We thank the anonymous reviewers and all the collaborators in USC INK research lab for their valuable feedback. This material is based upon work sponsored by the DARPA MCS program under Contract No. N660011924033 with the United States Office Of Naval Research.

References

Appendix A Appendix

Table 5-6 show both the ID and OOD results based on RoBERTa-Large as the reasoning module. The observations are consistent with Table 2-3 where we fine-tune T5-Base as the reasoning module.

A.2 Ablation on the LM size for the Rationalizing Module

Table 7 shows the results of the Pipeline approaches using LMs with different model sizes as the rationalizing module.

A.3 Variance statistics of all the fine-tuned models

Table 8 and Table 9 show the variance statistics (standard deviation) along with ID and OOD task performance (accuracy) of the fine-tuned methods from Table 2 and Table 3.

A.4 Human evaluation on the rationales

We conducted a human evaluation of 100 generated rationales from the CSQA dataset. The evaluation is a head-to-head comparison between the human-annotated rationales and the machine-generated rationales. Annotators were asked to judge for 5 dimensions on a 3-point Likert scale following a prior work (Wiegreffe et al., 2021): 1) Factuality (How factual is this Explanation?) 2) Grammaticality (Is this Explanation grammatical?) 3) New Info (Does the Explanation provide new facts, information, or reasoning not stated in the Question and Answer?) 4) Supports Answer (Is the Explanation relevant to justifying the Answer?) 5) Completeness (Does the Explanation provide enough information to jusify the answer?)

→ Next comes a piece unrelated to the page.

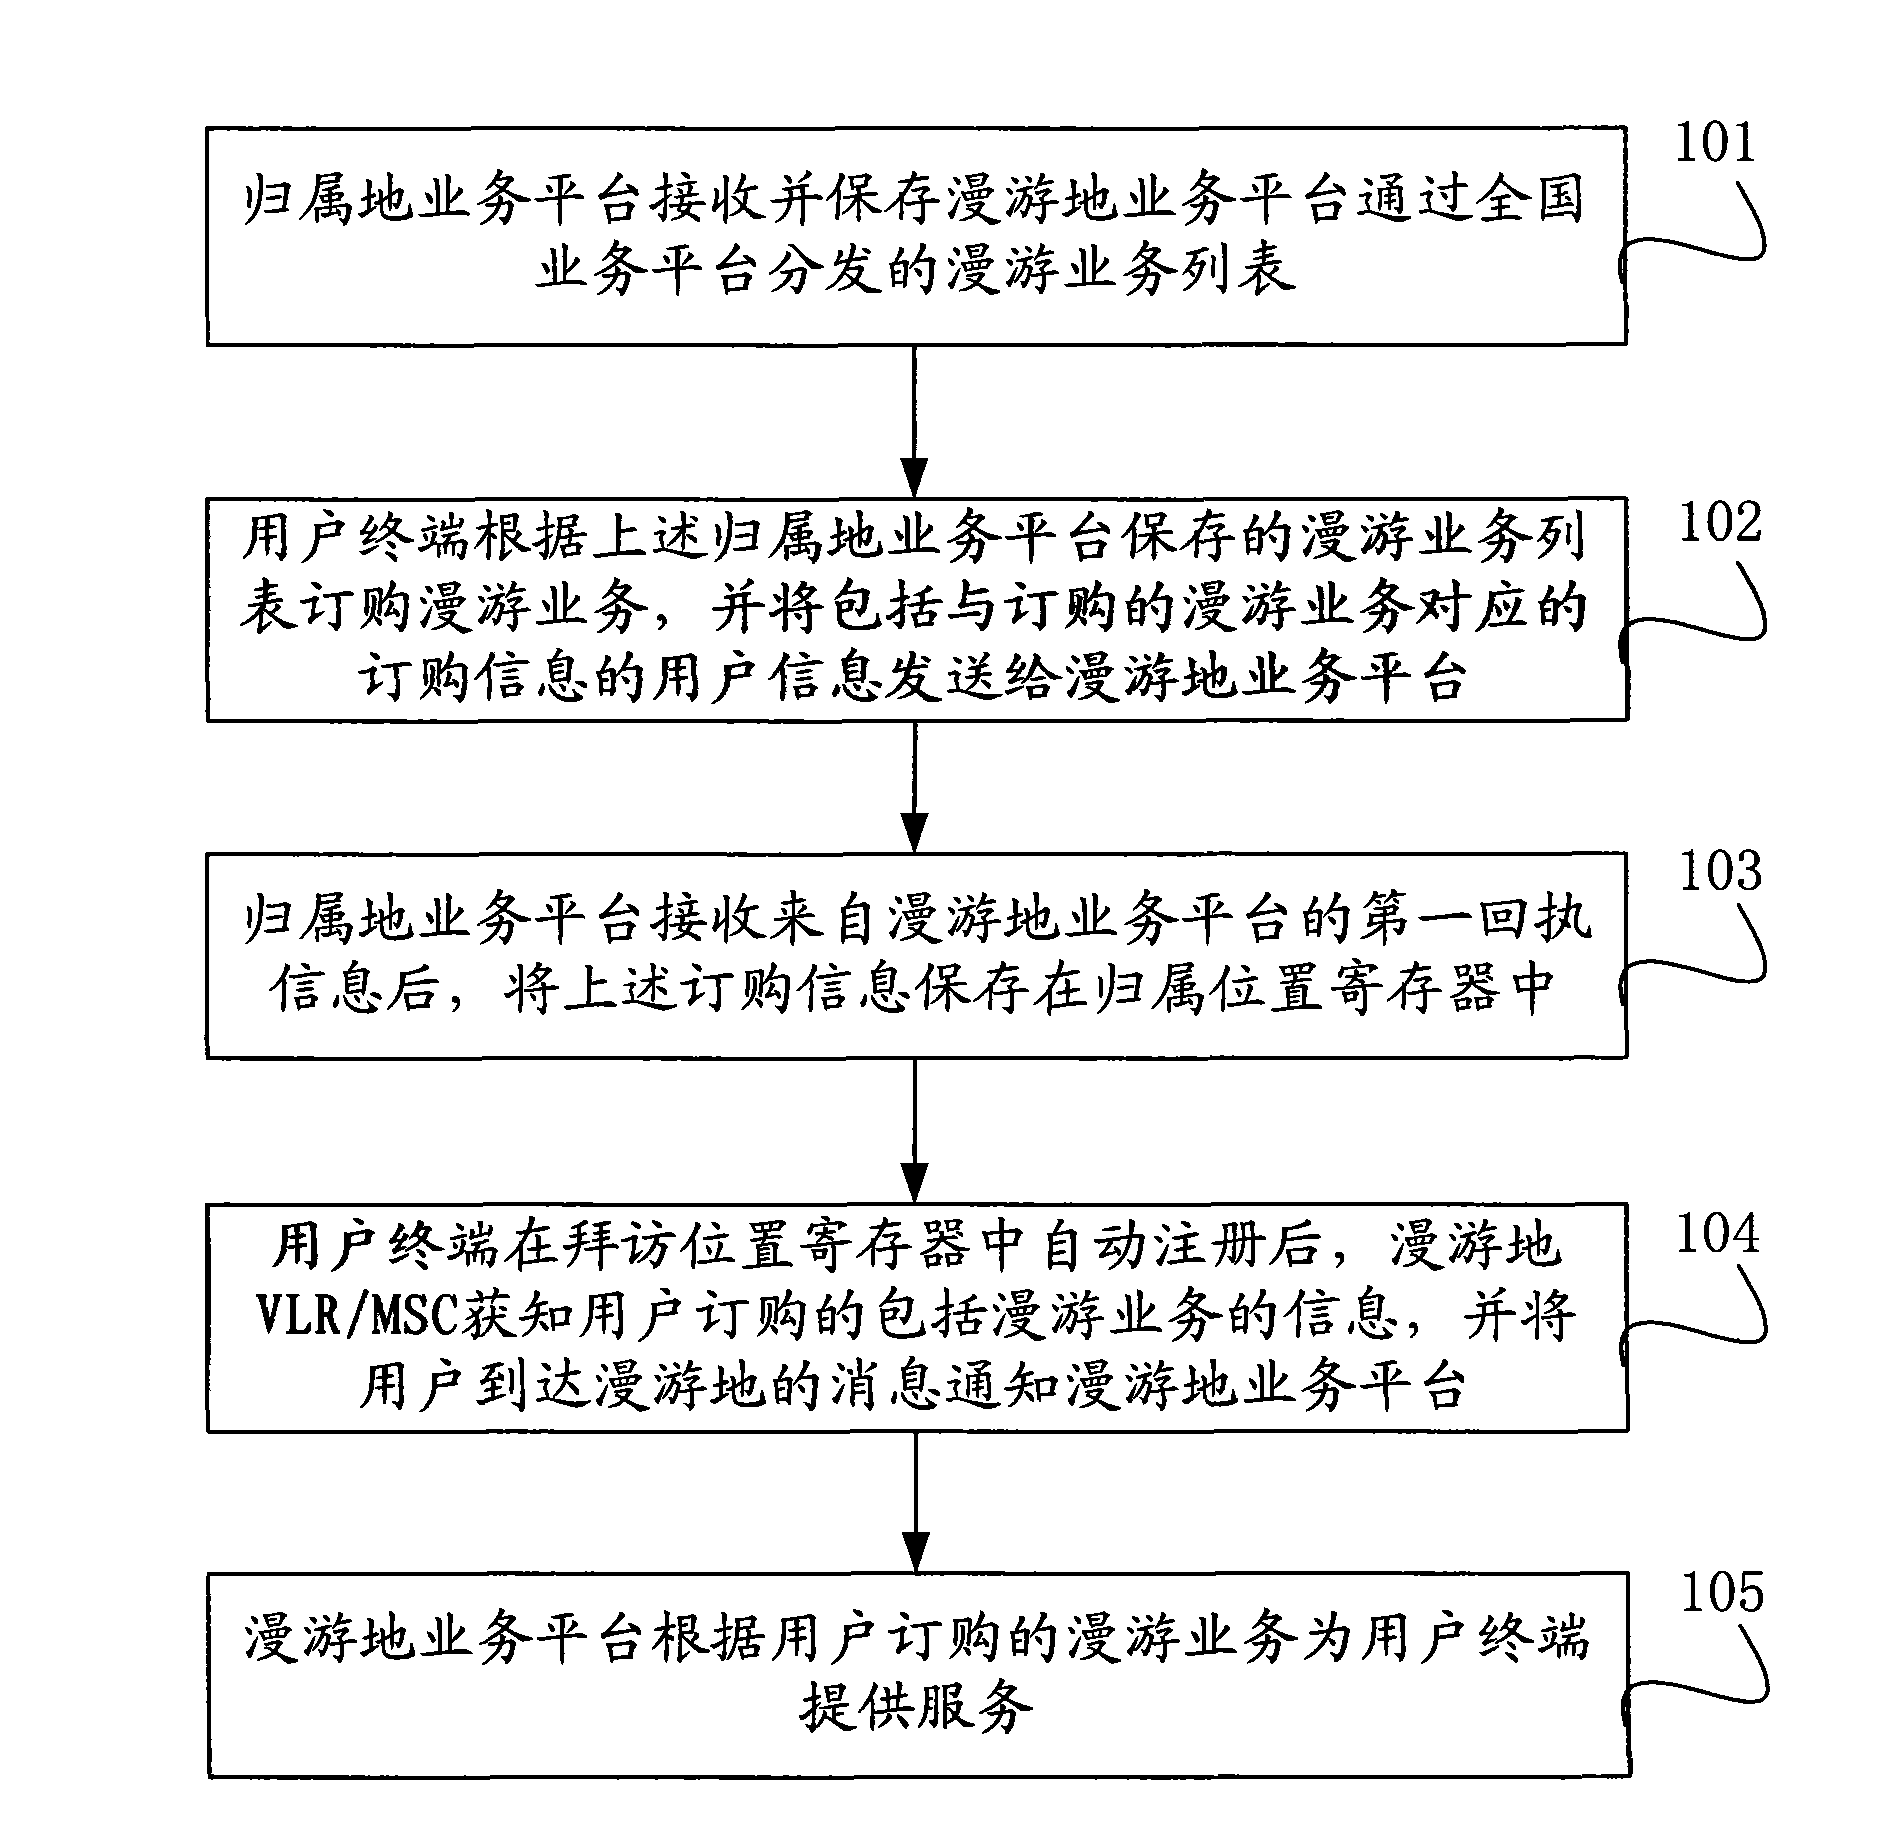 Method and system for processing roaming service

We obtain a fair level of agreement measured by Fleiss Kappa (k=0.34) for the evaluation. The results in Table 10 show that machine-generated results are competitive with human annotation on most of the evaluating dimensions. Generated rationales are even judged to be more grammatical than human annotations. As for completeness, generated rationales are slightly worse than human annotations. We think this is because the human annotators were explicitly encouraged to provide more comprehensive rationales when annotating the CSQA dataset (Aggarwal et al., 2021).

A.5 Case Study

We provide concrete examples in Table 11 to showcase how our prompted LM rationalizes for correct and incorrect choices and how PINTO reasons more faithfully compared with the Standard baseline. In the question (second row) from CSQA, we can see that for incorrect choices, the generated rationales do not support them to be the answer while the one for the correct choice refrigerator does. In the question (third row) from StrategyQA, the rationale for the correct choice yes is sound and reasonable while the rationale for the incorrect choice no is factually correct but does not answer the question directly (died in a plane crash vs. died in the space journey). For both questions, PINTO properly leverages the rationales and make the correct predictions while the Standard baseline fails.

A.6 Prompts for rationalization

Table 12- 15 show the complete prompts we use to obtain rationales from LM for CSQA, StrategyQA, OpenBookQA and QASC datasets.